YOUR GOAL: Word for word, repeat the data; no picture should appear in the result.

[Opening INPUT DATA section]

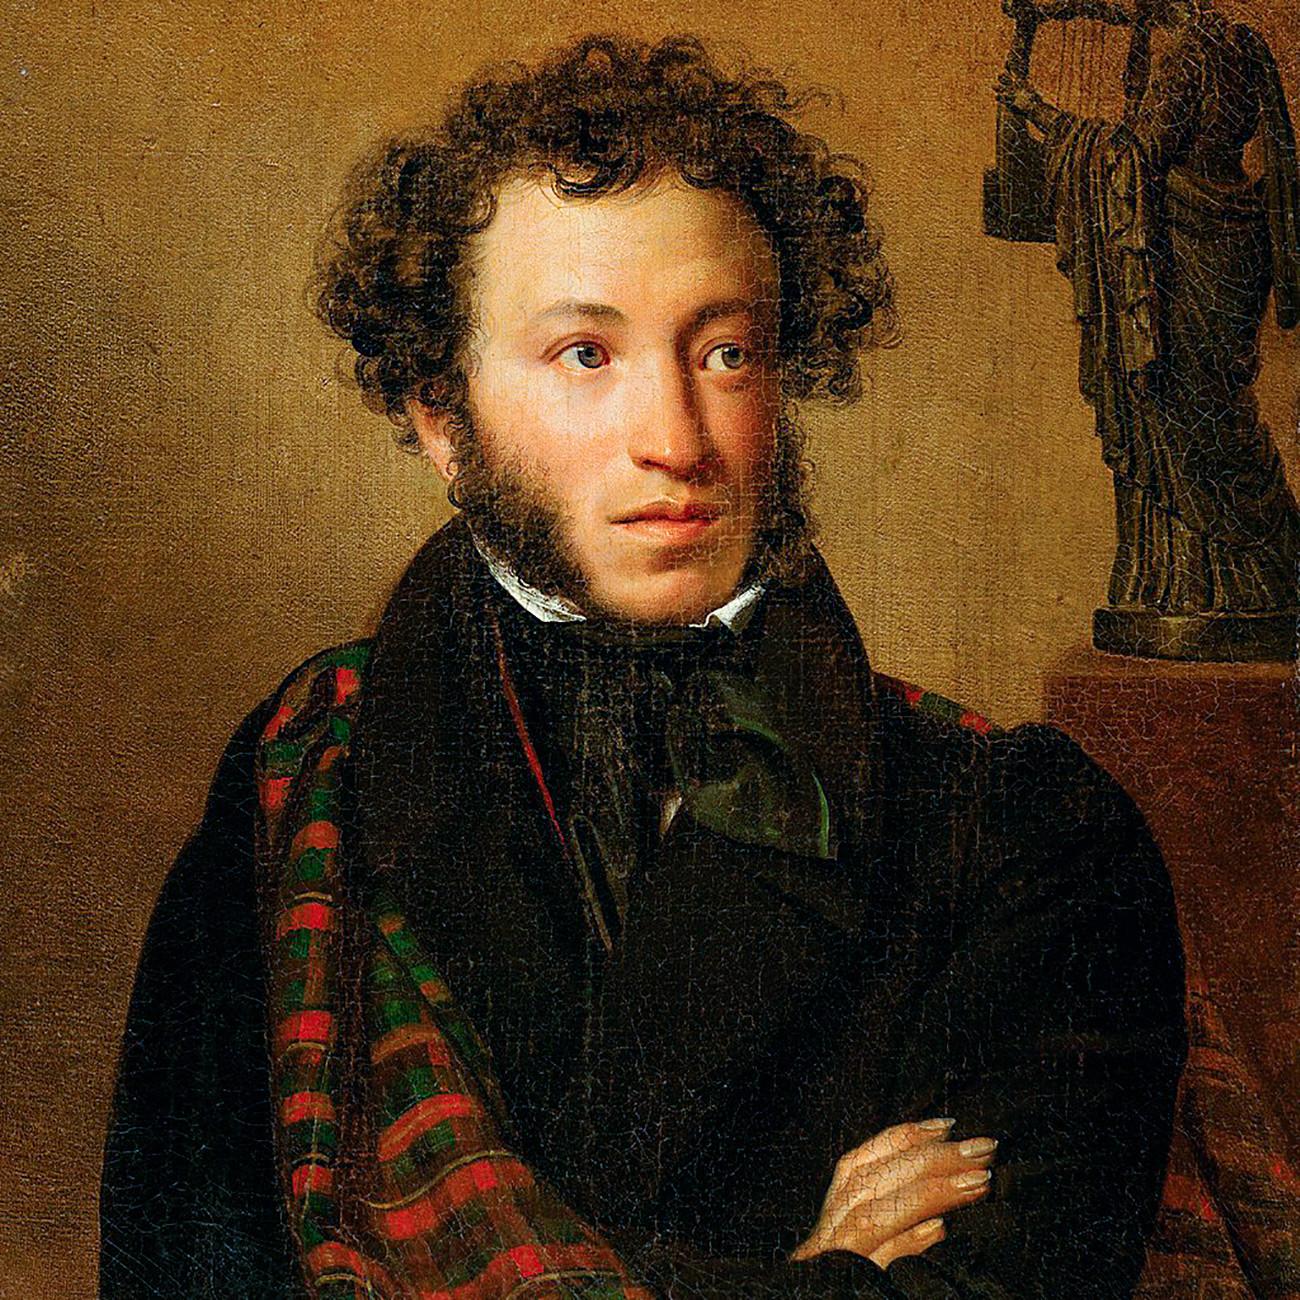 Aleksandar Puškin
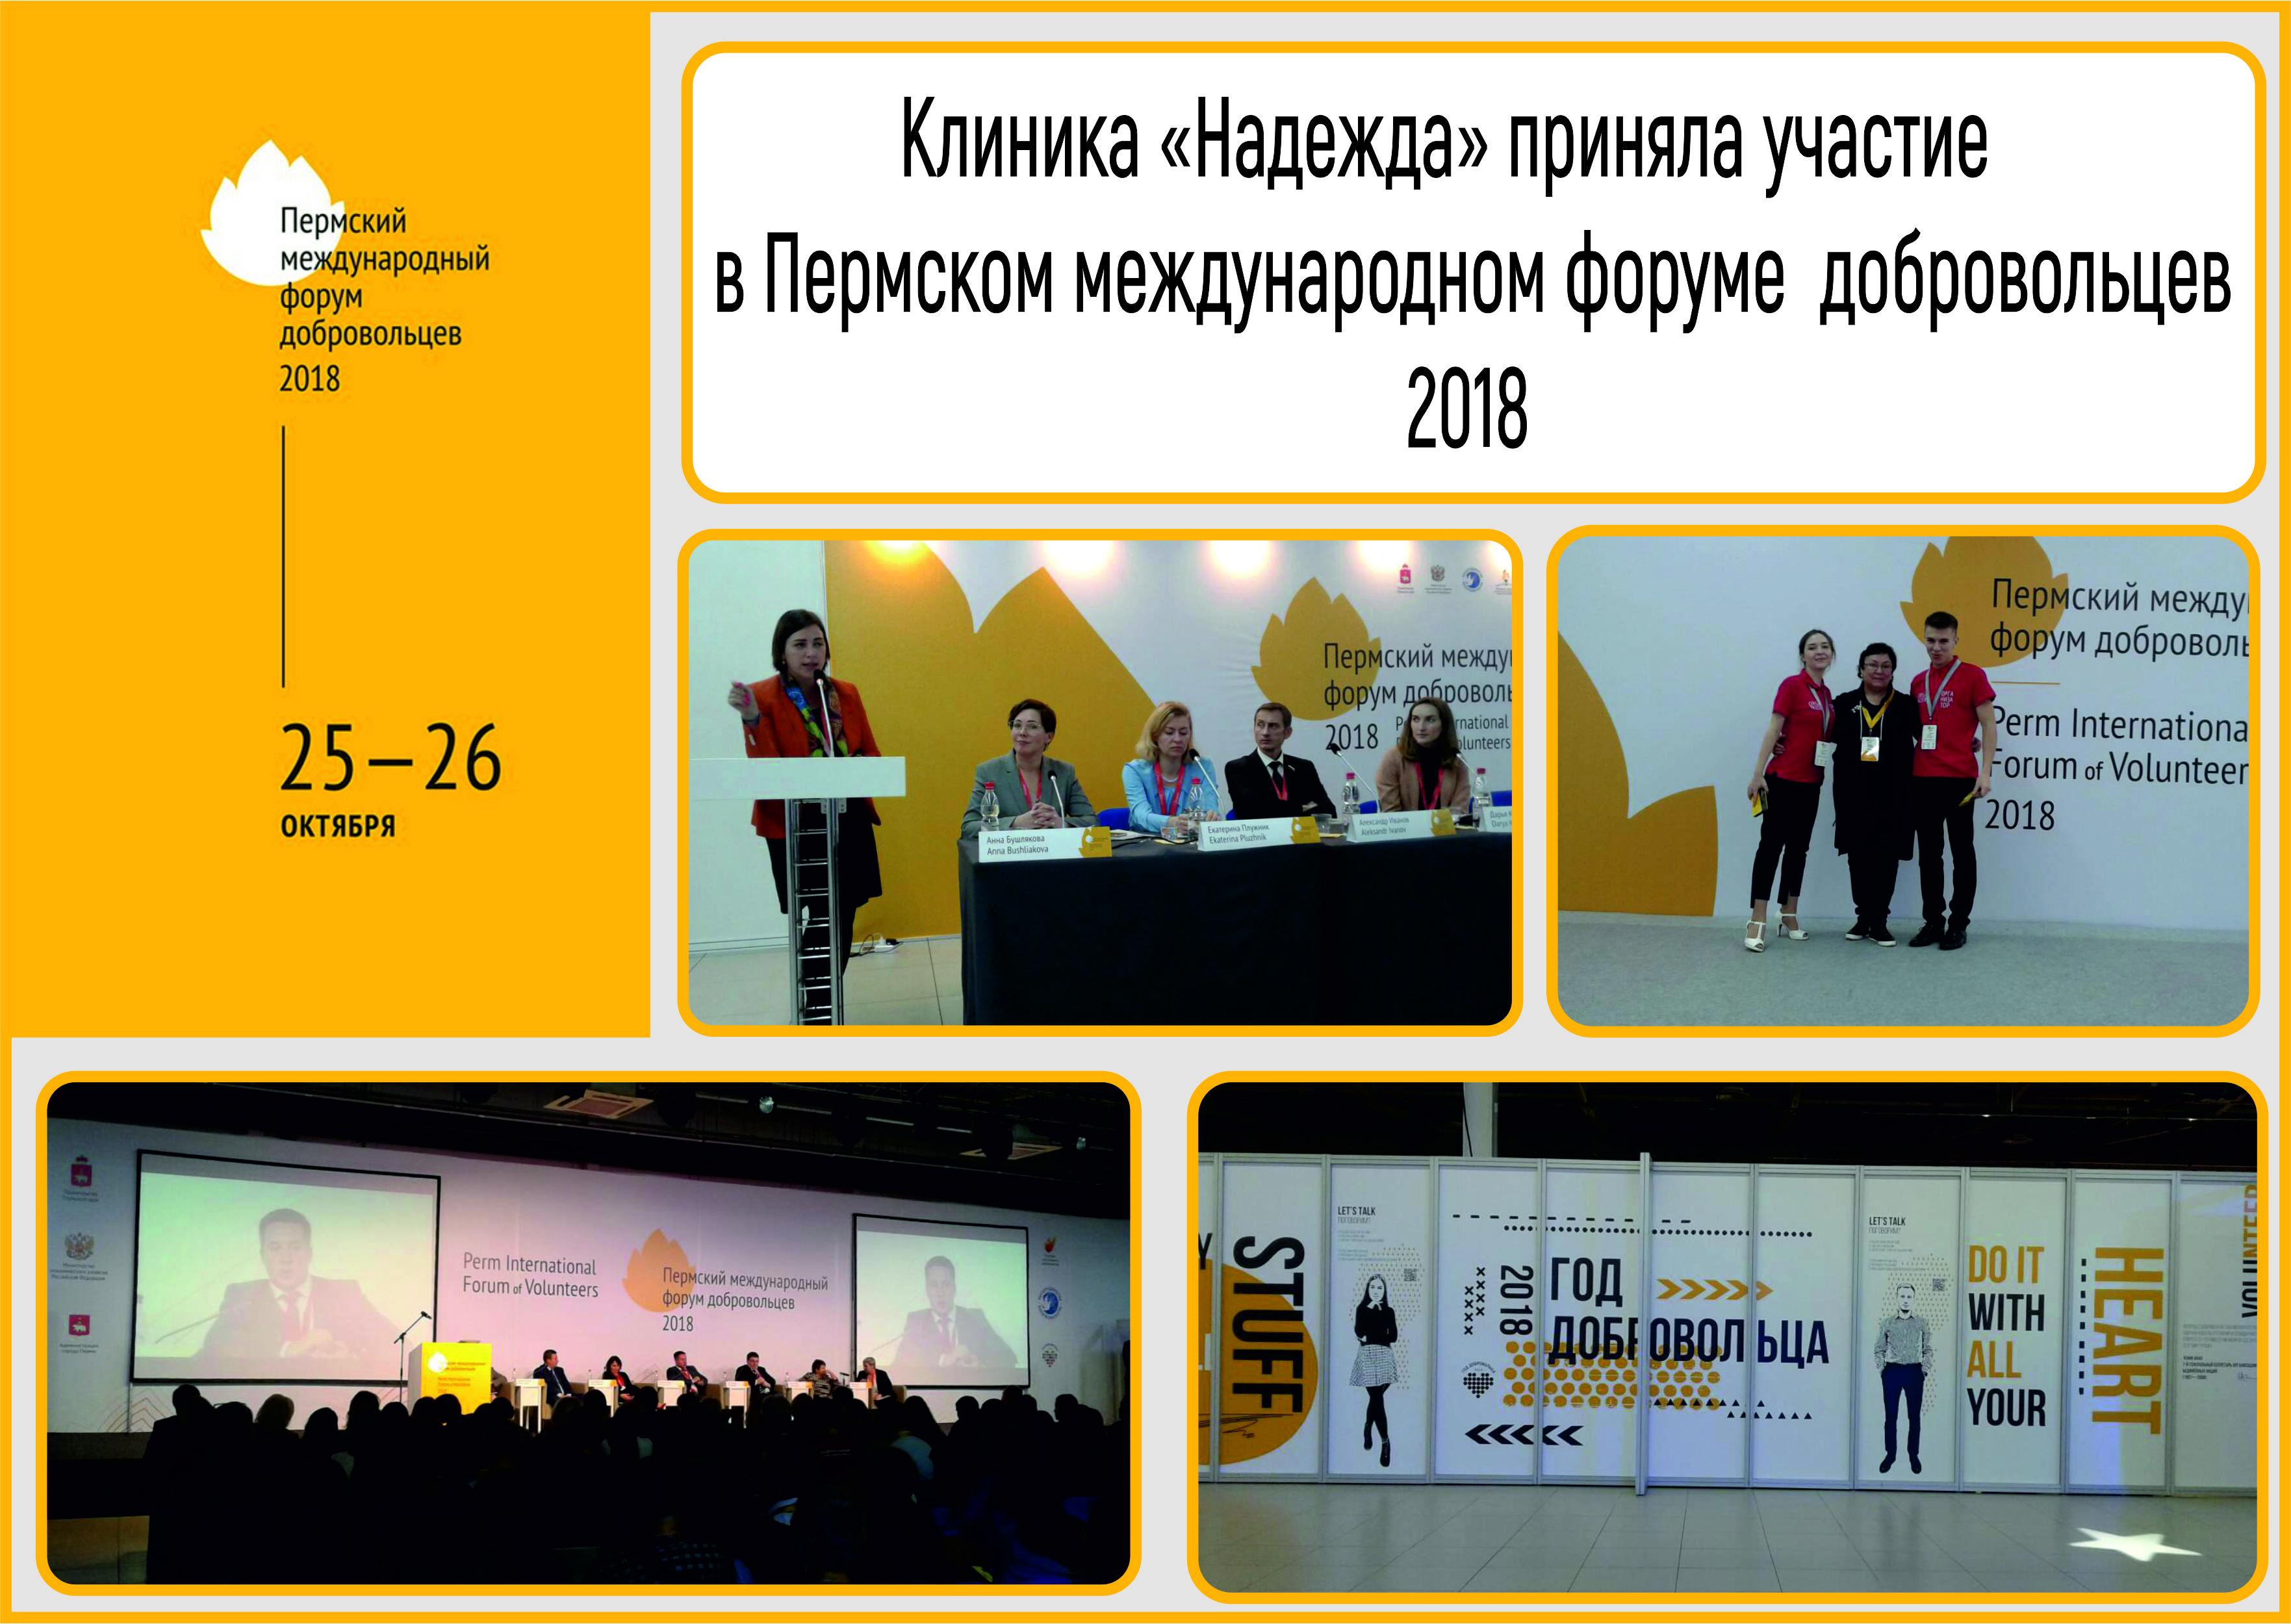 «Пермский международный форум добровольцев 2018»
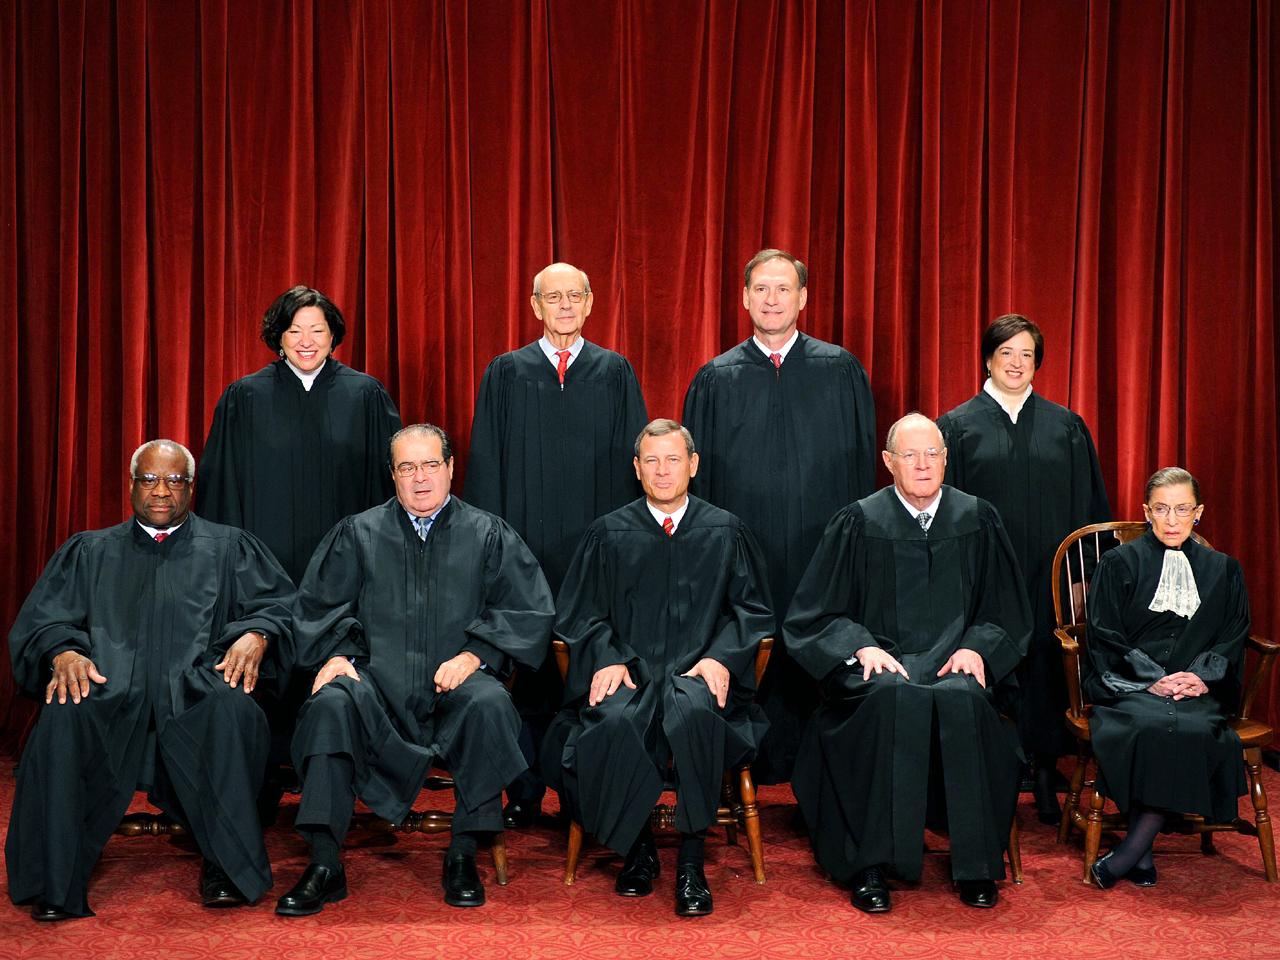 Branch judicial marriage sex foto 131
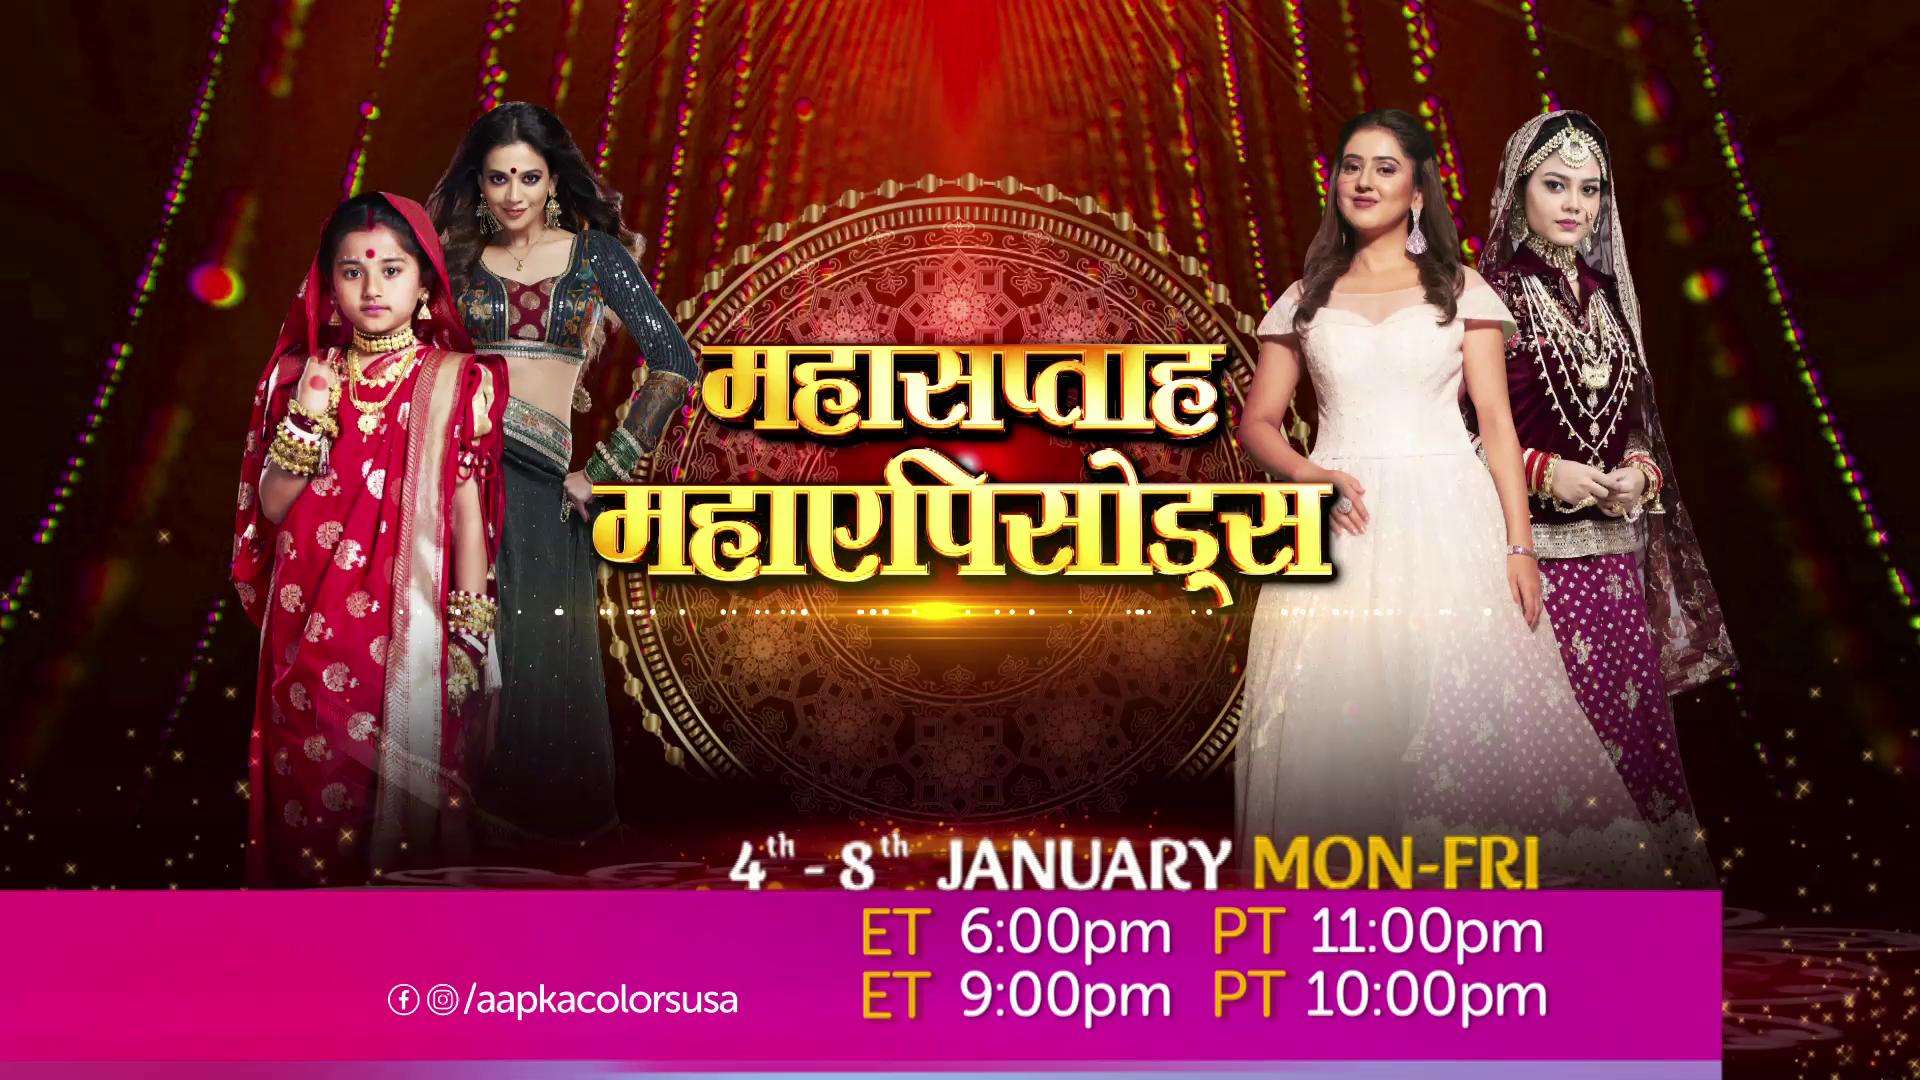 Maha Saptaah Maha Episode 4 Jan-8 Jan Mon-Fri on Aapka Colors

[Closing INPUT DATA section]

ANSWER FOR THIS EXERCISE:
 Aleksandar Puškin
 «Пермский международный форум добровольцев 2018»
 Branch judicial marriage sex foto 131
 Maha Saptaah Maha Episode 4 Jan-8 Jan Mon-Fri on Aapka Colors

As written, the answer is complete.